MATERIAL SUPPLIED

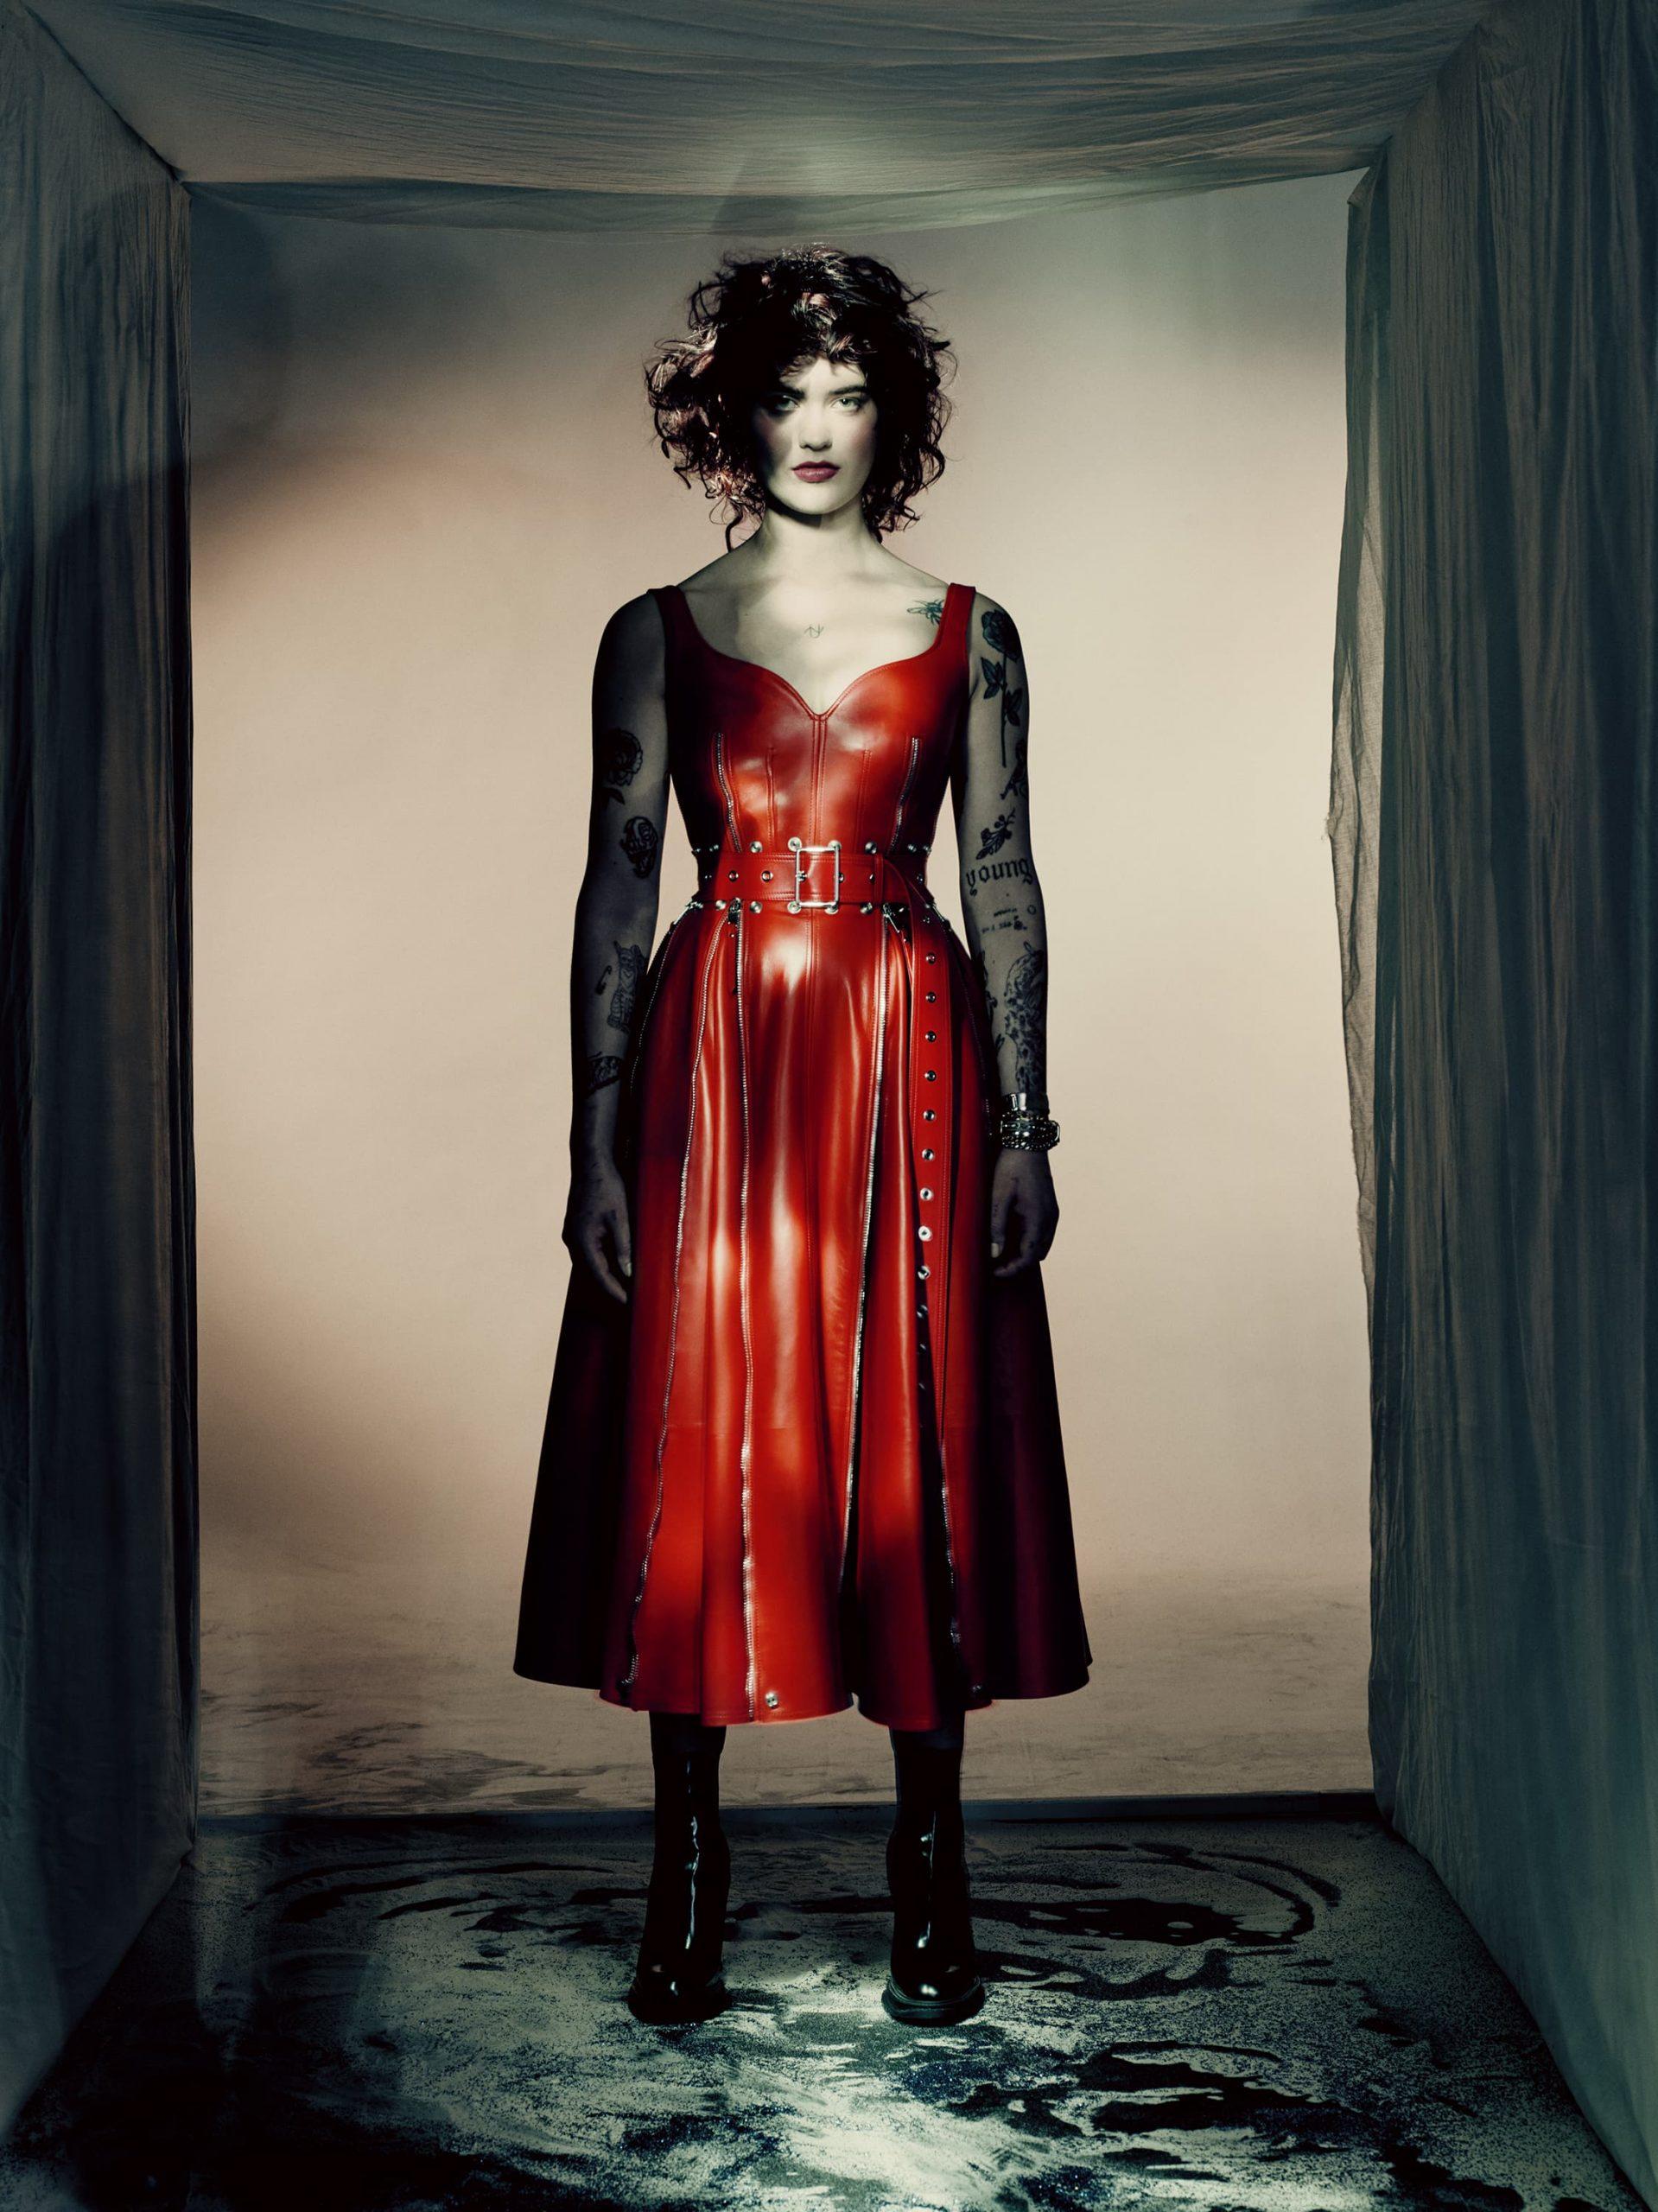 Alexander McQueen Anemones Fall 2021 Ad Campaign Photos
* * *
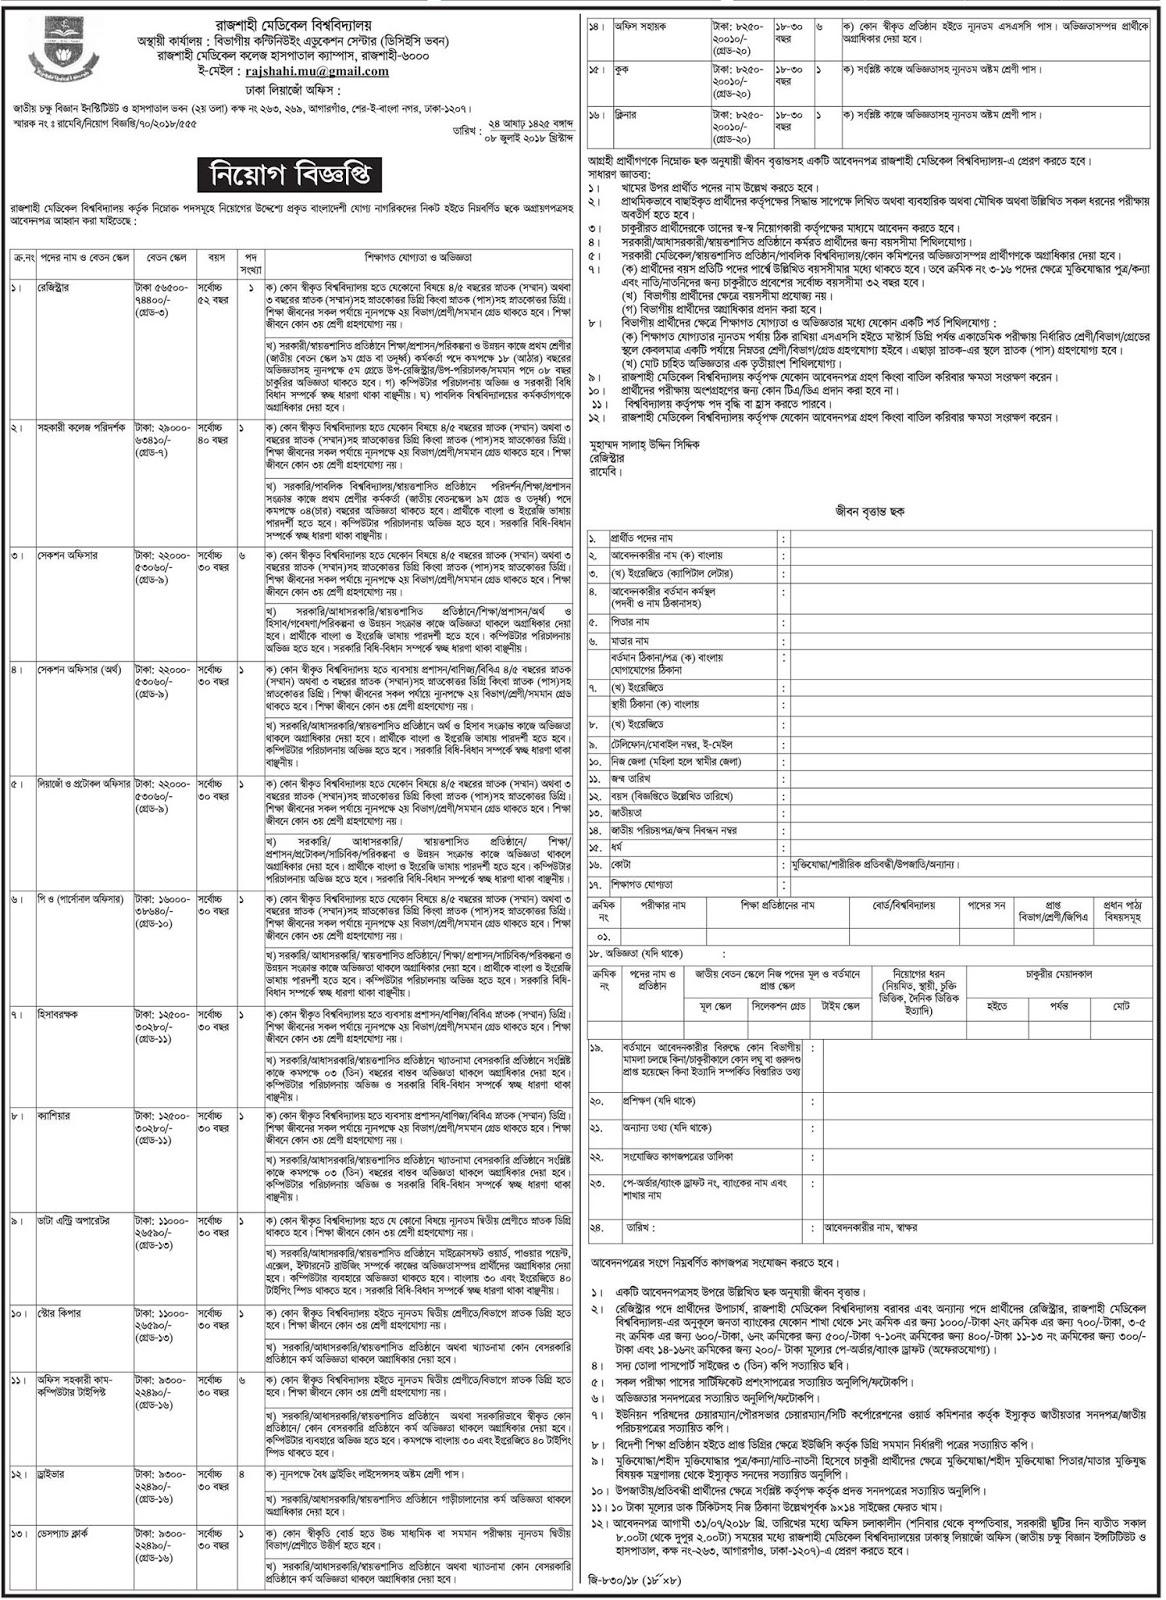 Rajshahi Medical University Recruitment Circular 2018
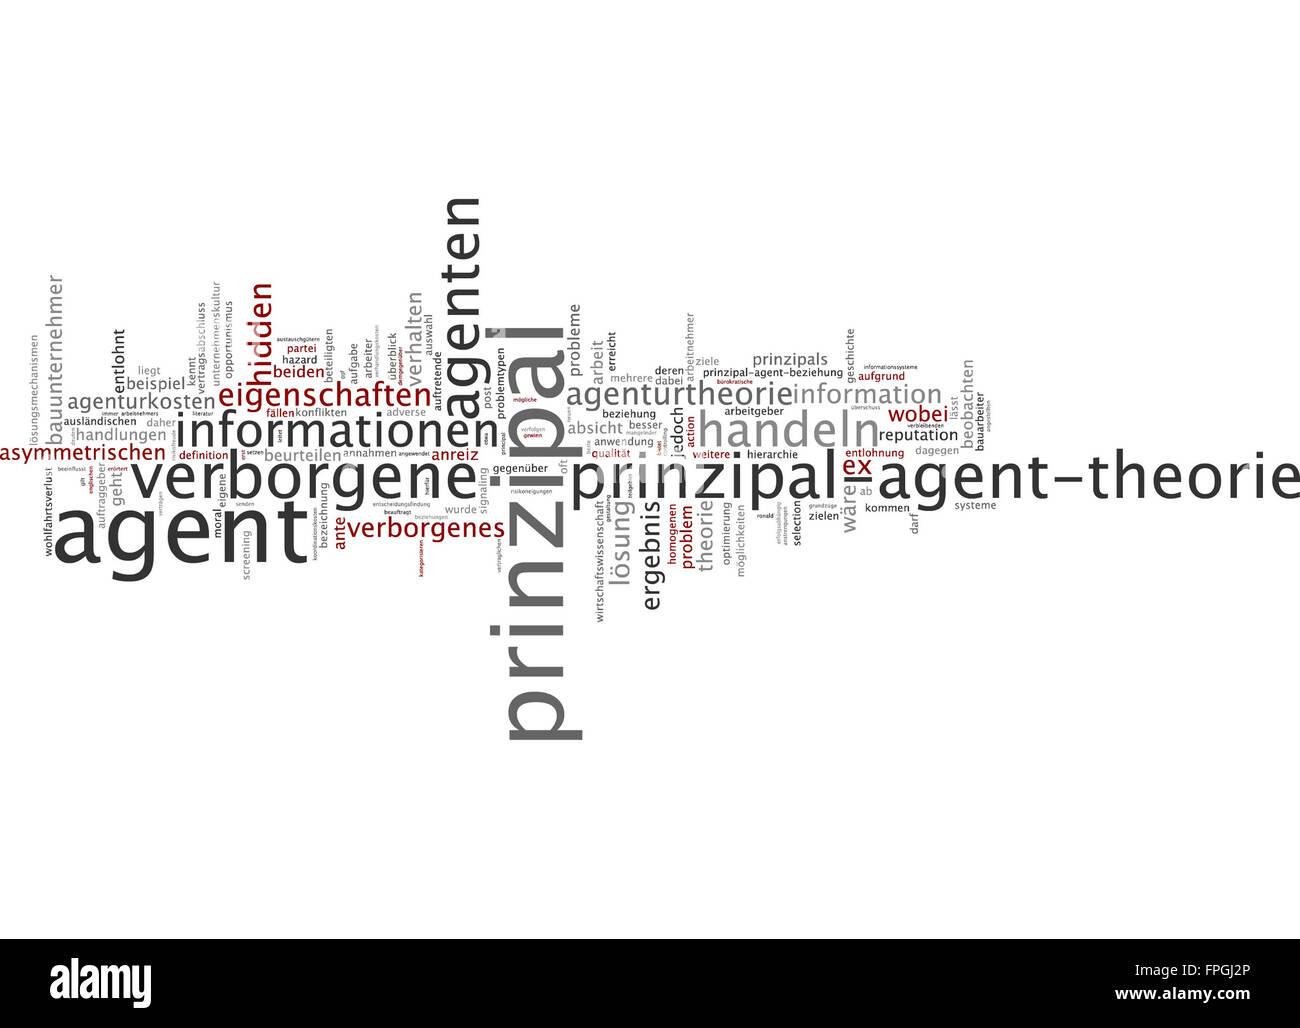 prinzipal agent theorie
---
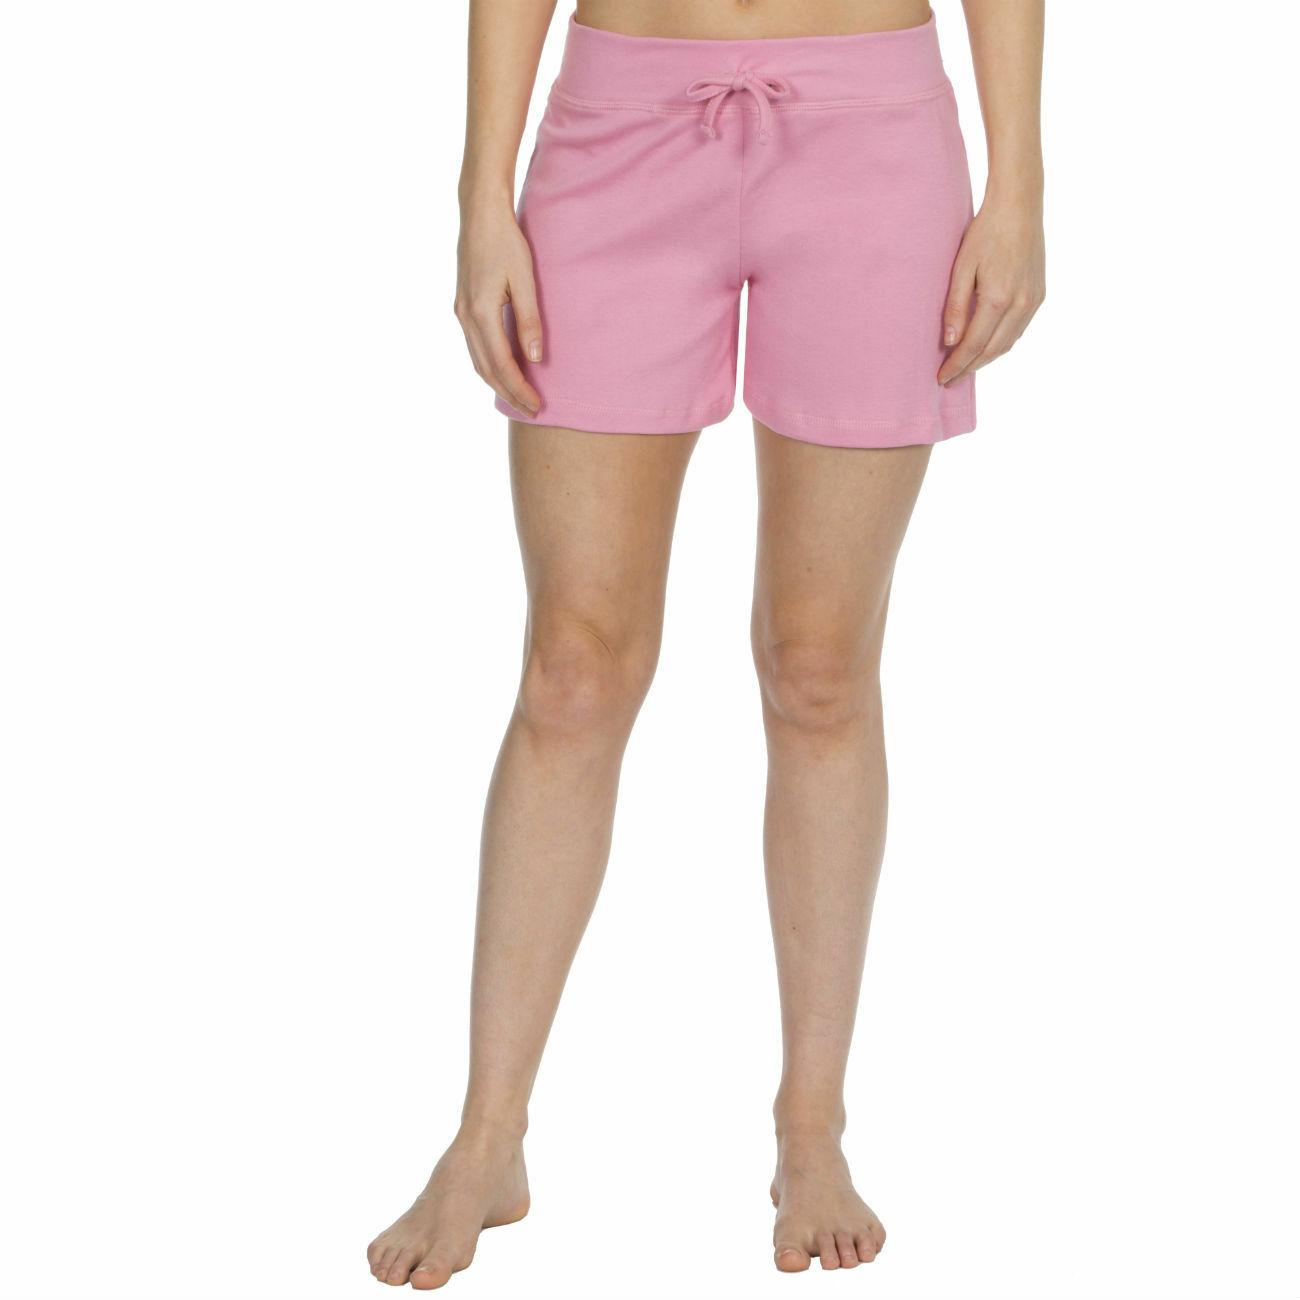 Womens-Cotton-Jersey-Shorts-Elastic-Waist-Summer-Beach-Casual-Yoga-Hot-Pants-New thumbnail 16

WHAT YOU ARE ASKED TO DO
No picture is to be printed. Output exactly the lines above from the line containing "Rajshahi Medical University" through the line containing "prinzipal agent theorie".

RESPONSE BOX
 Rajshahi Medical University Recruitment Circular 2018
 prinzipal agent theorie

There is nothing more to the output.